- _Data segment_:
○ ○ ○ ○ ○

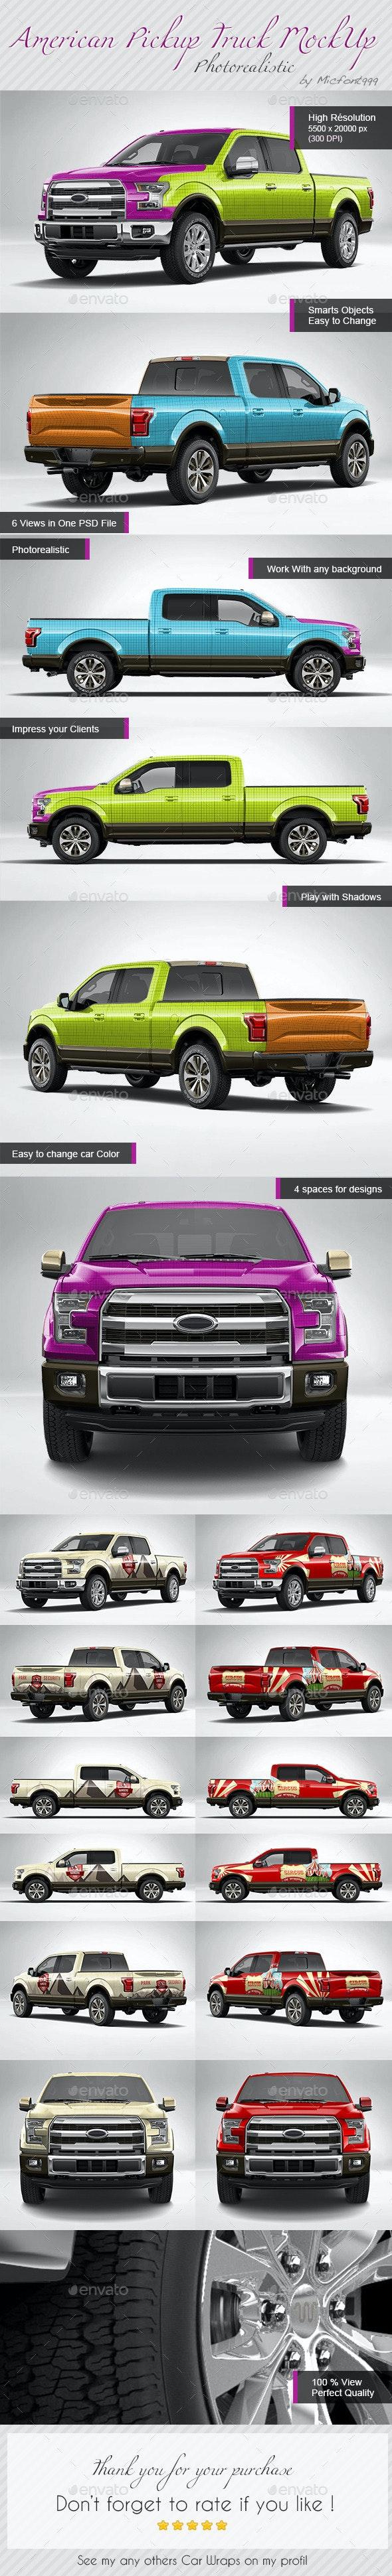 Photorealistic American Pickup Truck Wrap Mock-up - Vehicle Wraps Print
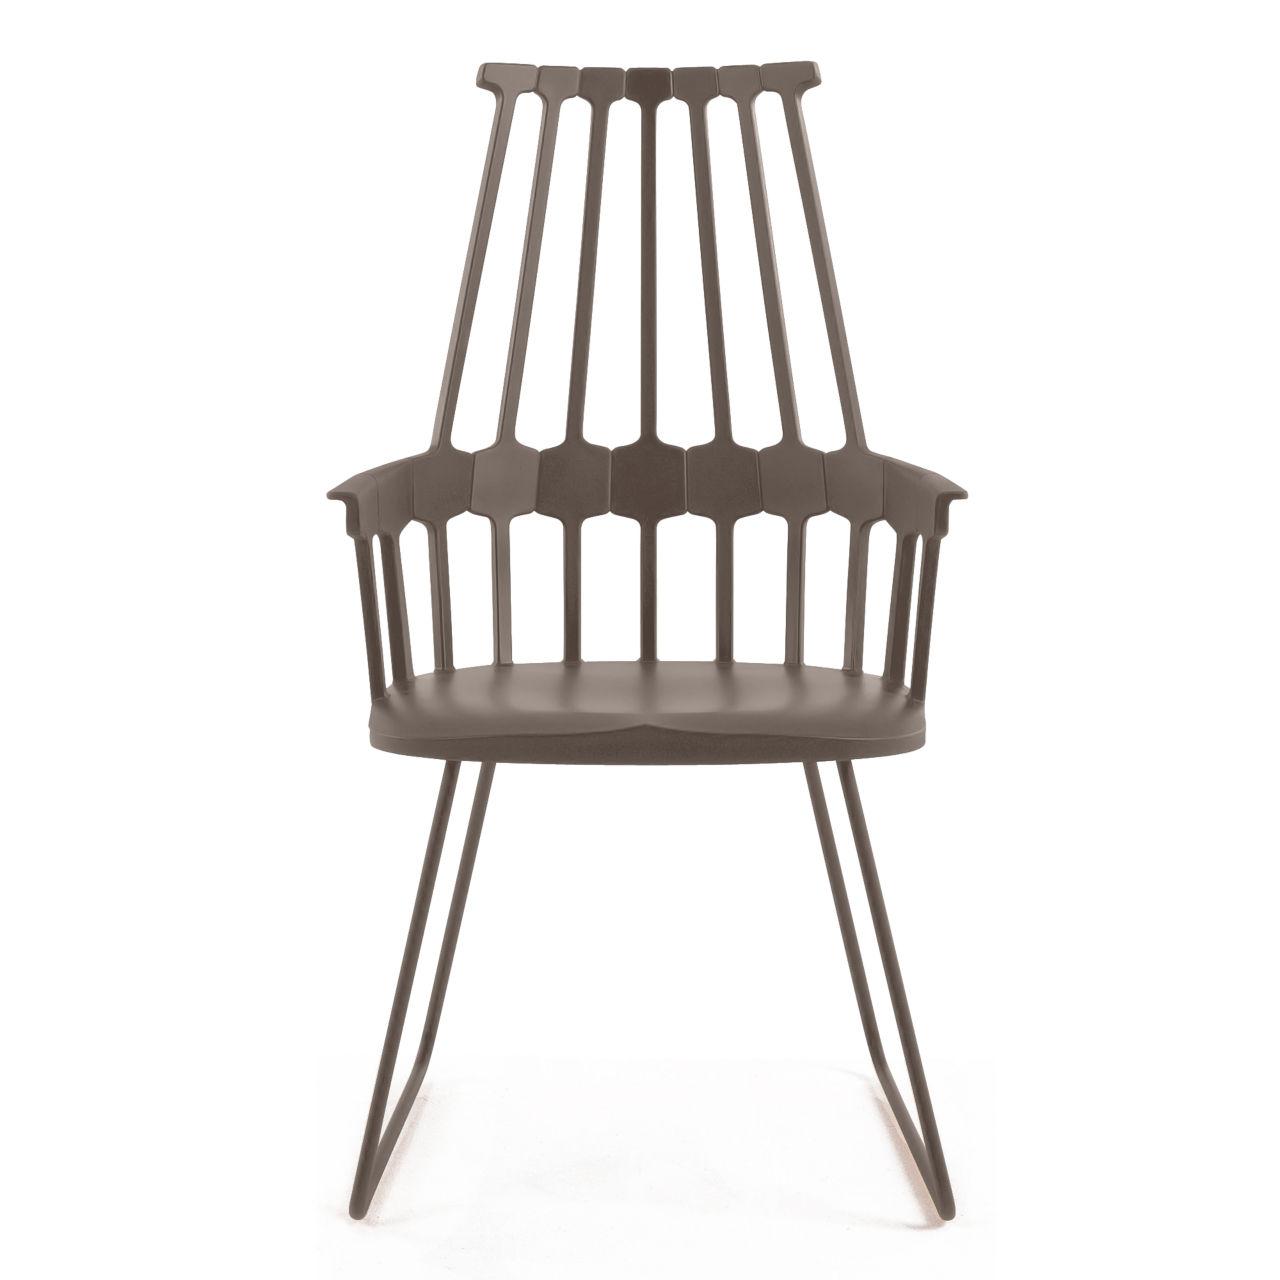 Comback Chair in Hazelnut by Kartell
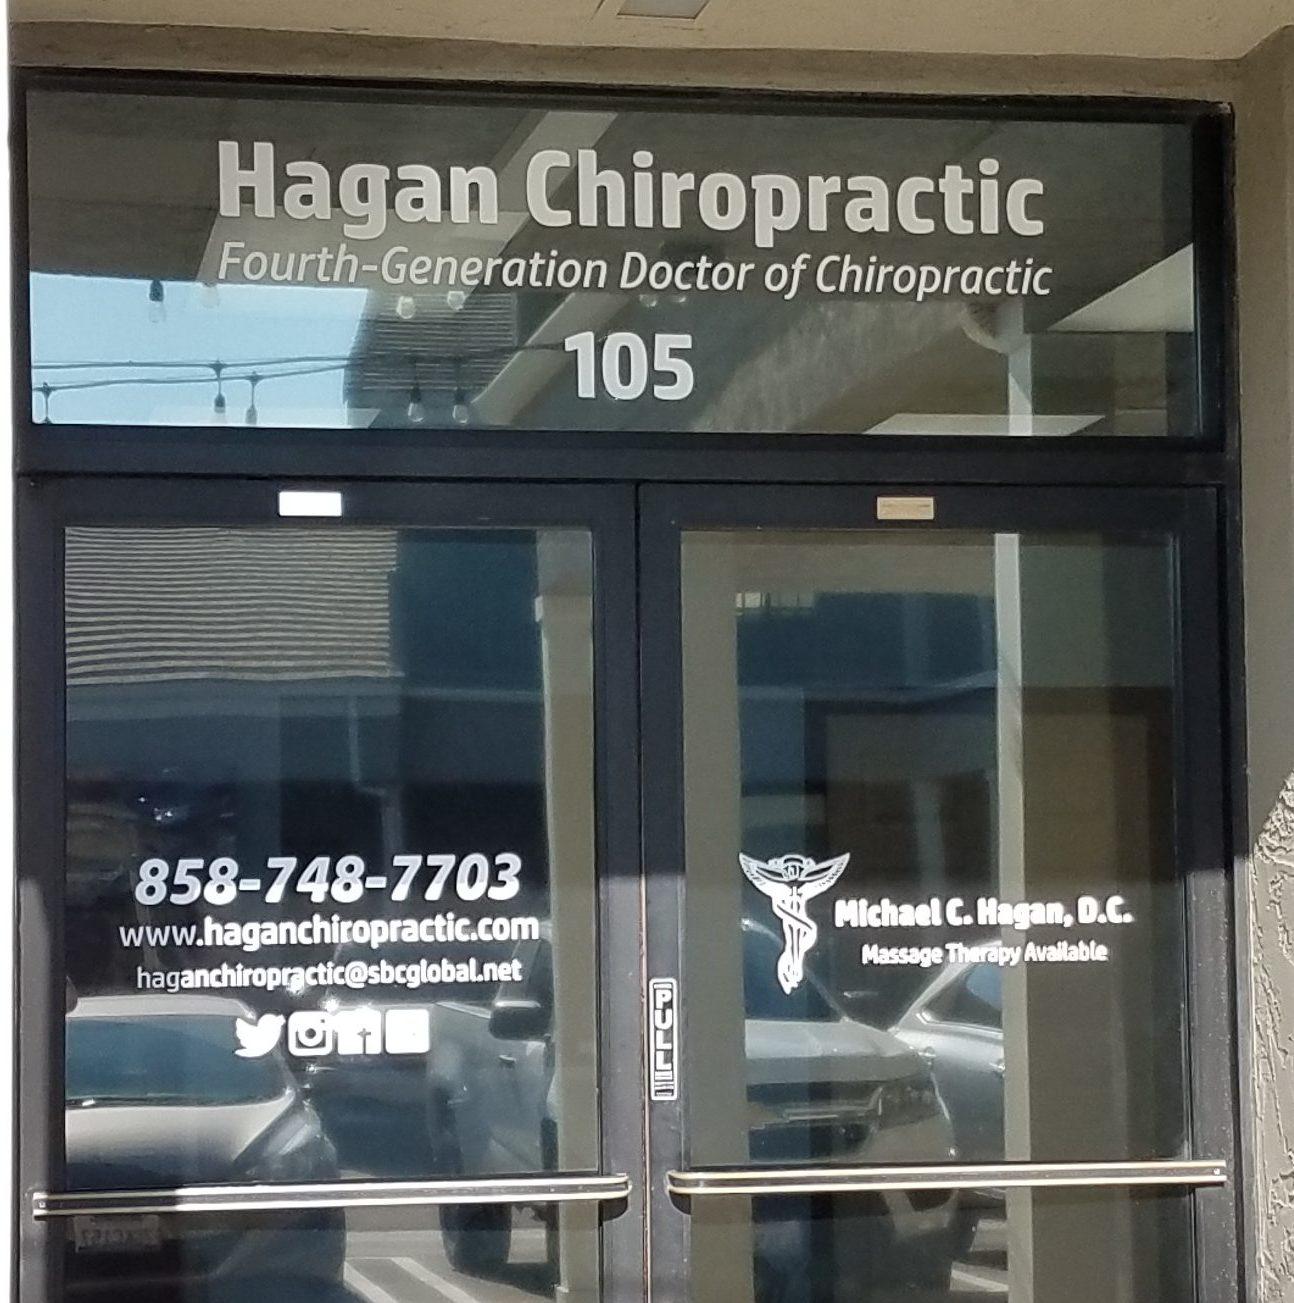 Hagan Chiropractic

○ ○ ○ ○ ○

- _What is expected_: Copy out the whole listing word for word, except for any picture it includes.

- _Response for this exercise_:
 Photorealistic American Pickup Truck Wrap Mock-up - Vehicle Wraps Print
 Comback Chair in Hazelnut by Kartell
 Hagan Chiropractic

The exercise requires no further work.